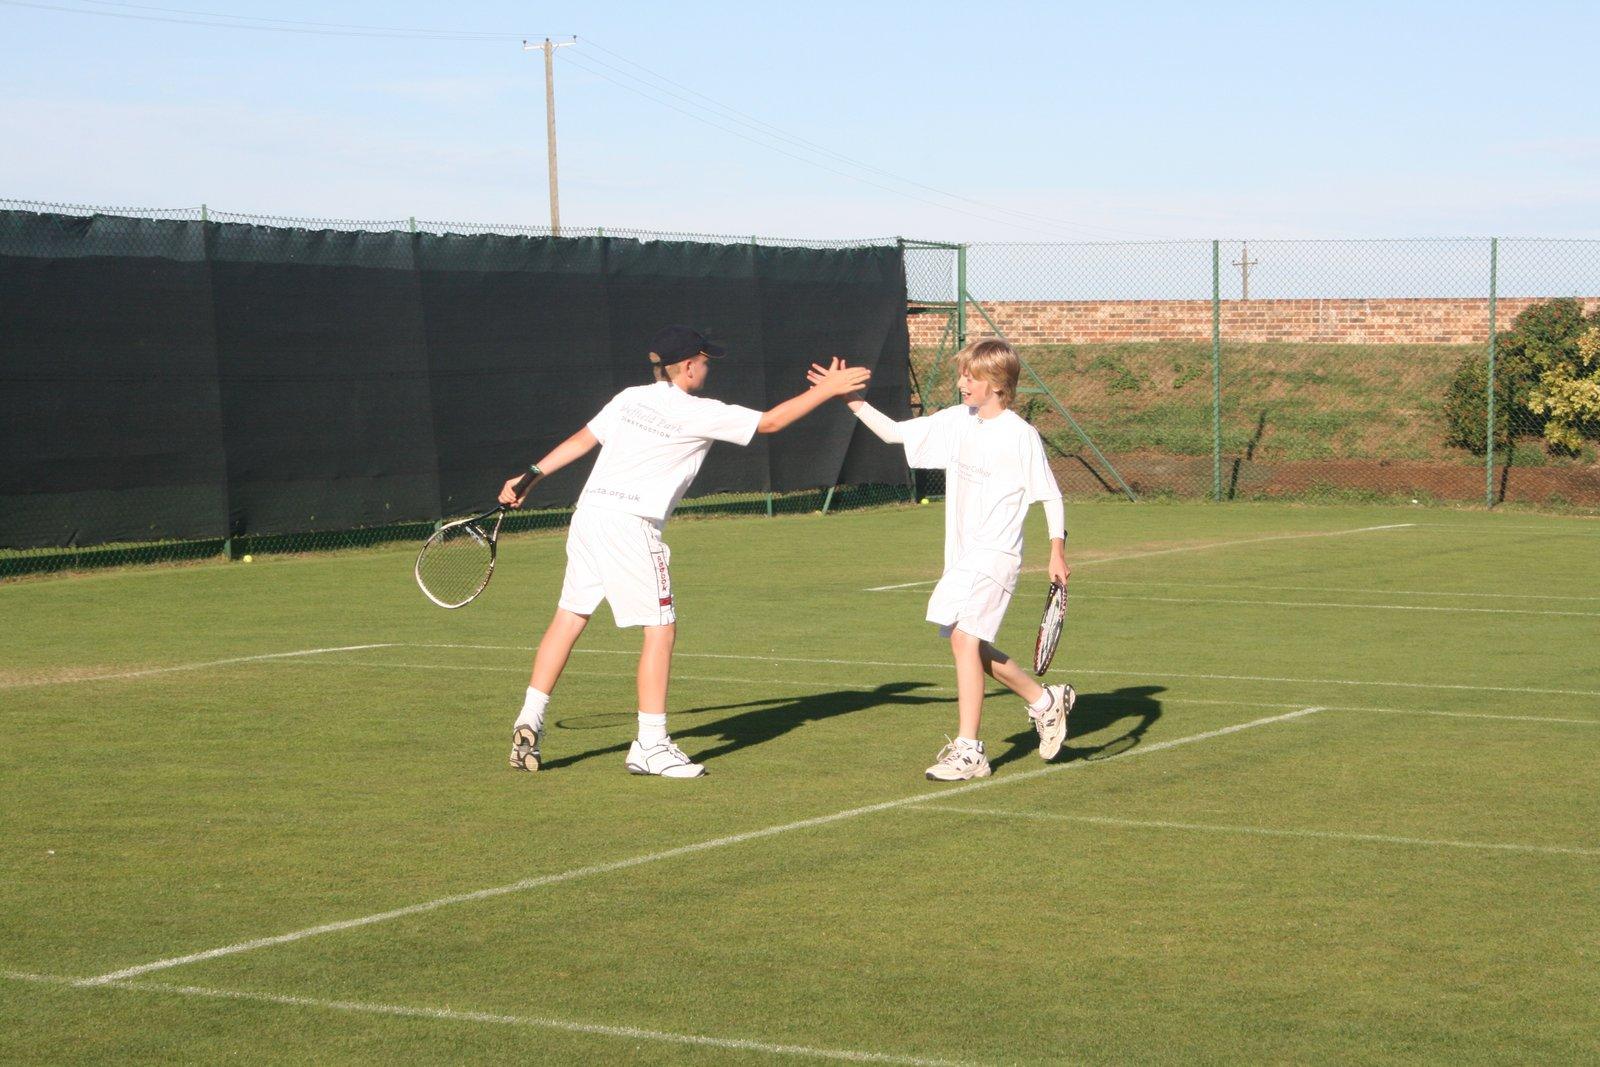 http://www.ryetennisandsquashclub.org.uk/wp-content/uploads/2019/05/Tennis-303.jpg
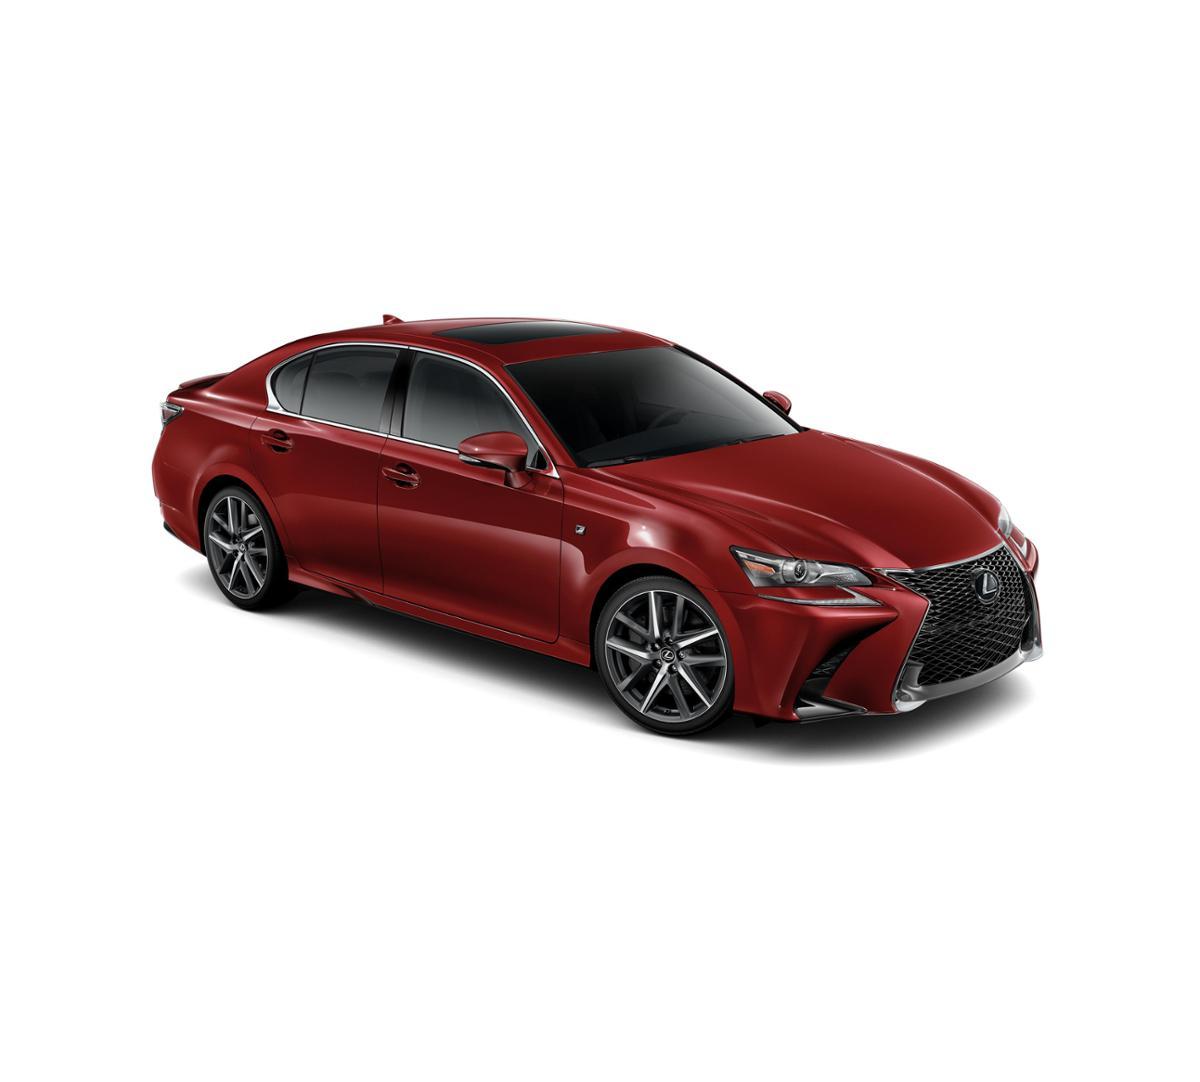 Lexus Gs For Sale: New 2019 Lexus GS 350 For Sale In Escondido, CA
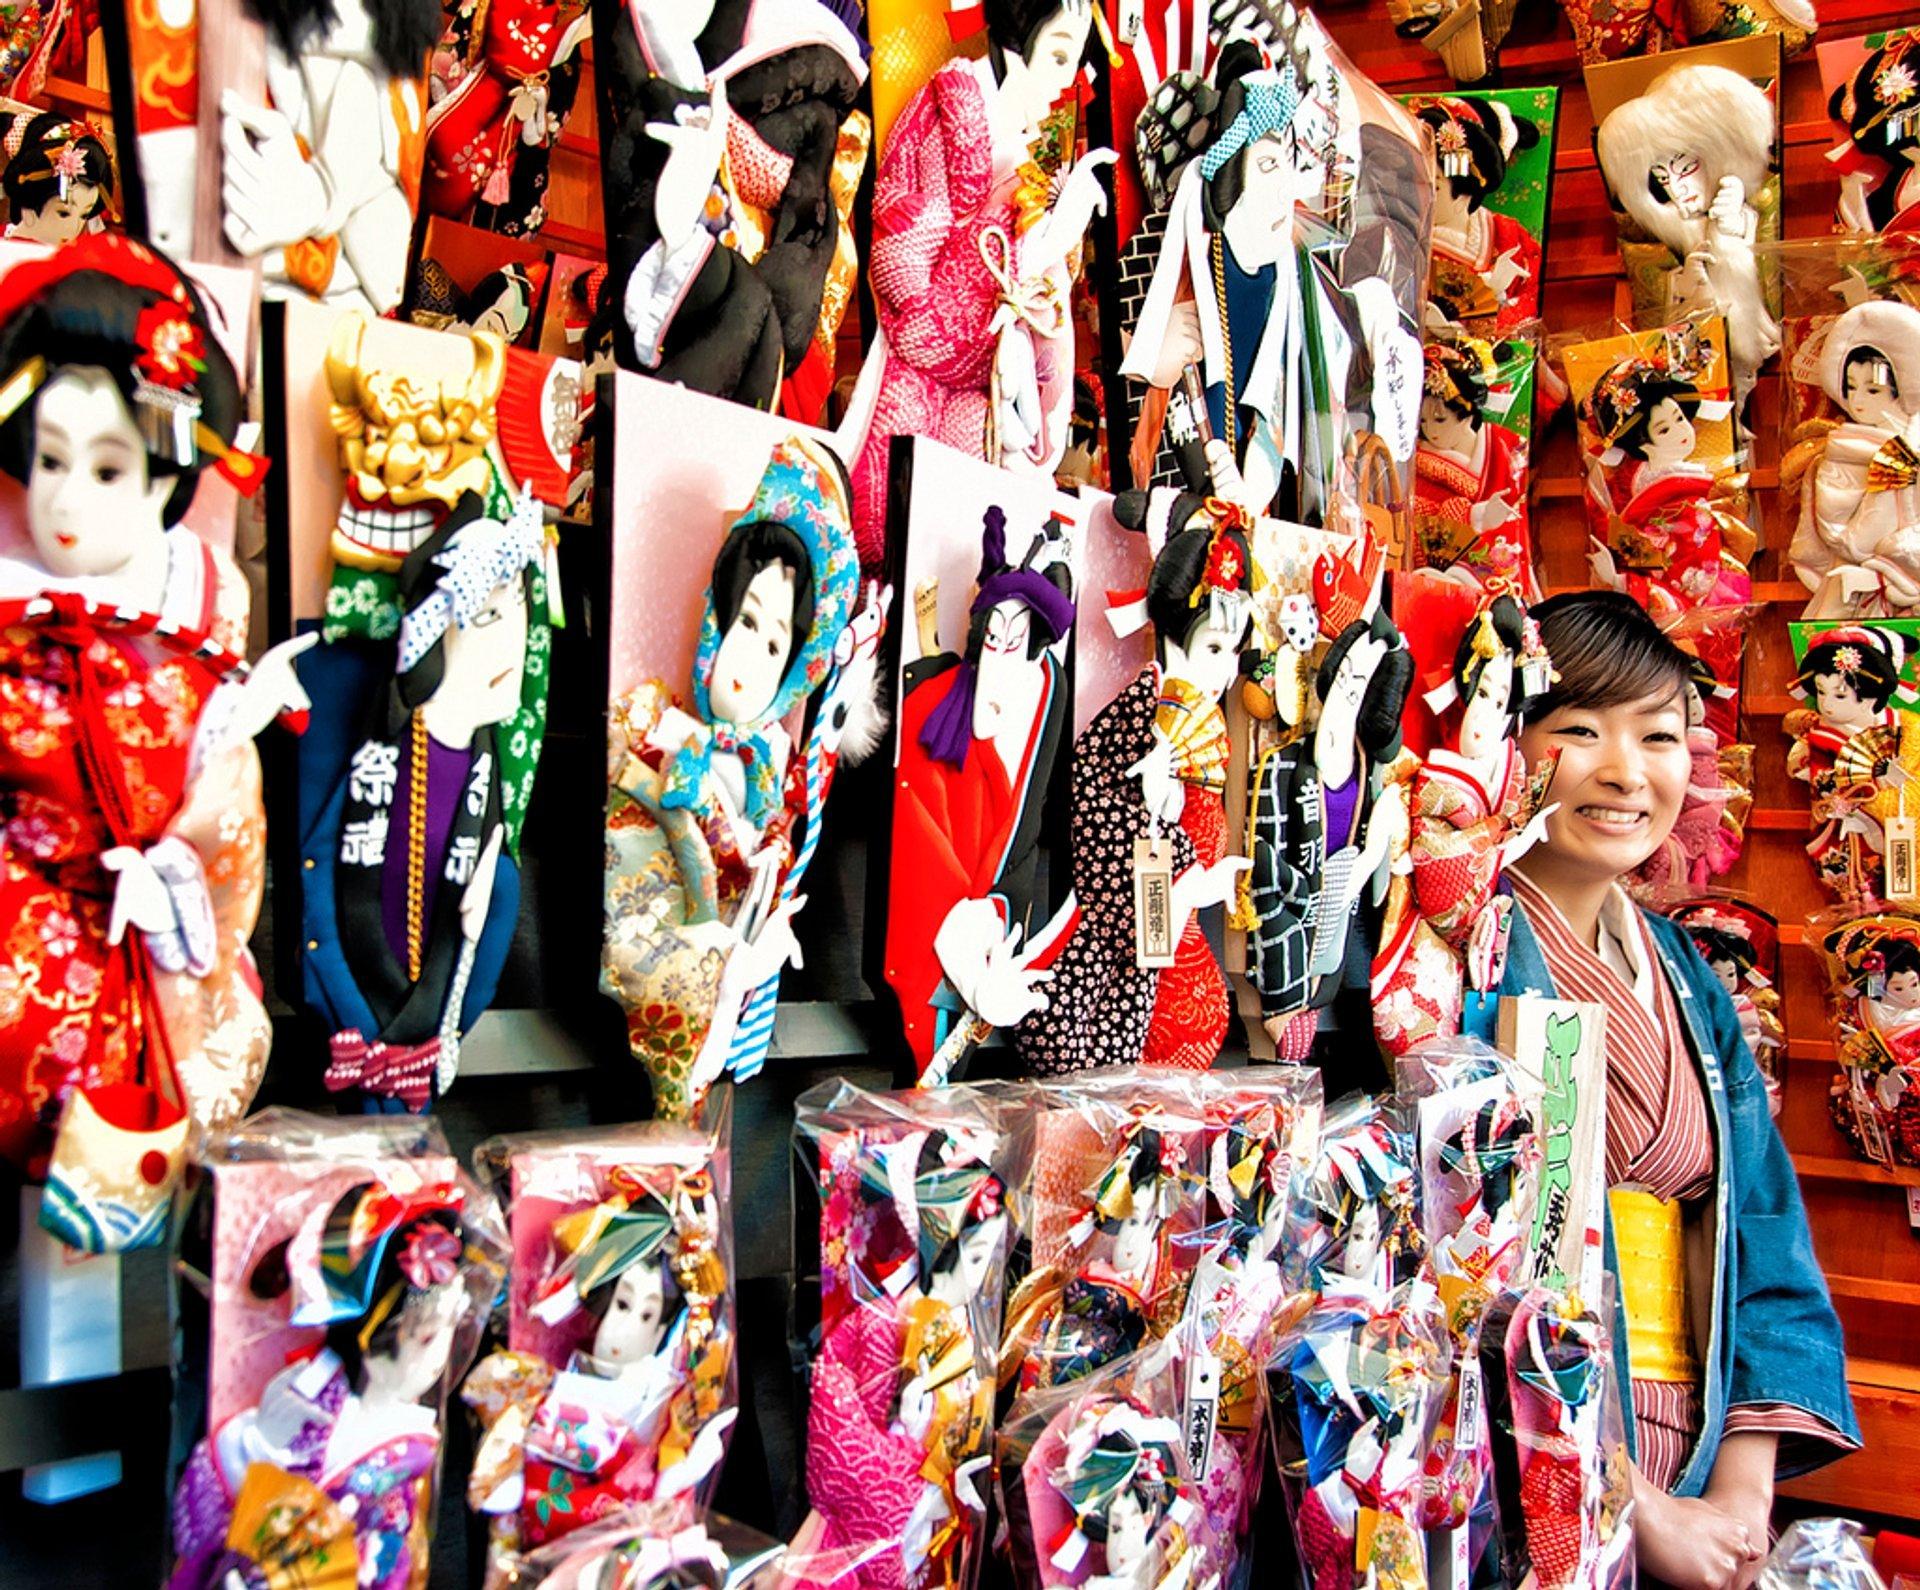 Senso-ji Hagoita-Ichi Fair in Tokyo 2020 - Best Time
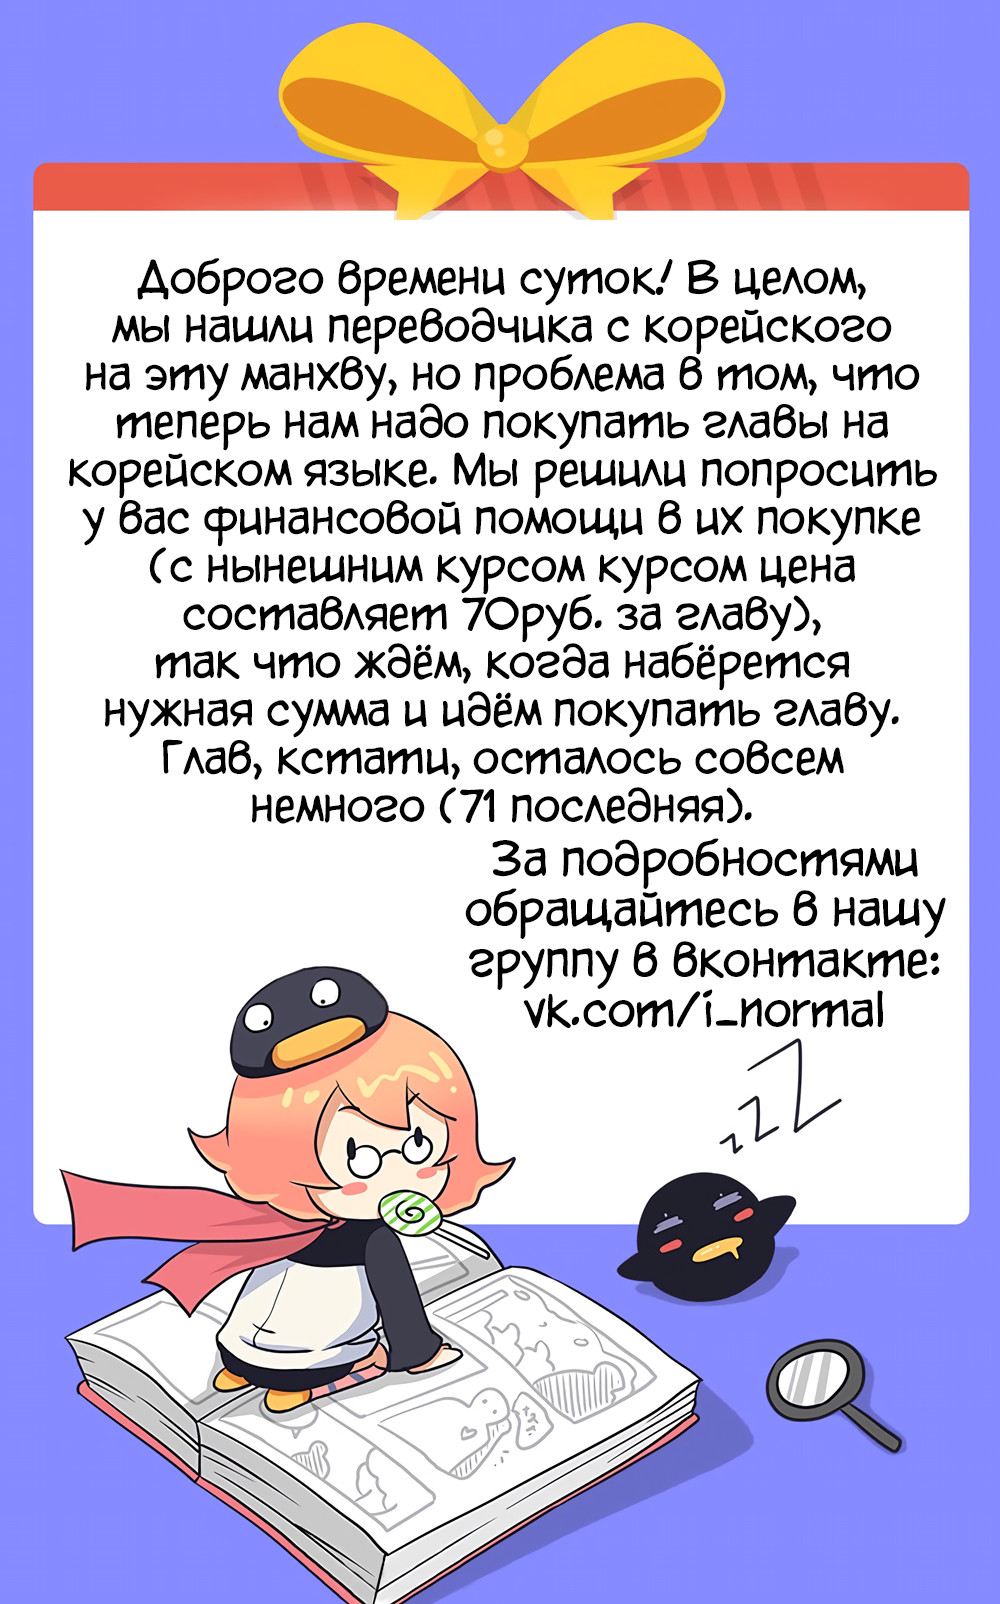 https://r1.ninemanga.com/comics/pic3/48/28784/1277179/1542357141280.jpg Page 5

__THE PROBLEM__
Drop the pictures, then reproduce exactly the lines from the one with "Senso-ji Hagoita-Ichi Fair" through the final line of the listing.

__SOLUTION__
 Senso-ji Hagoita-Ichi Fair in Tokyo 2020 - Best Time
 https://r1.ninemanga.com/comics/pic3/48/28784/1277179/1542357141280.jpg Page 5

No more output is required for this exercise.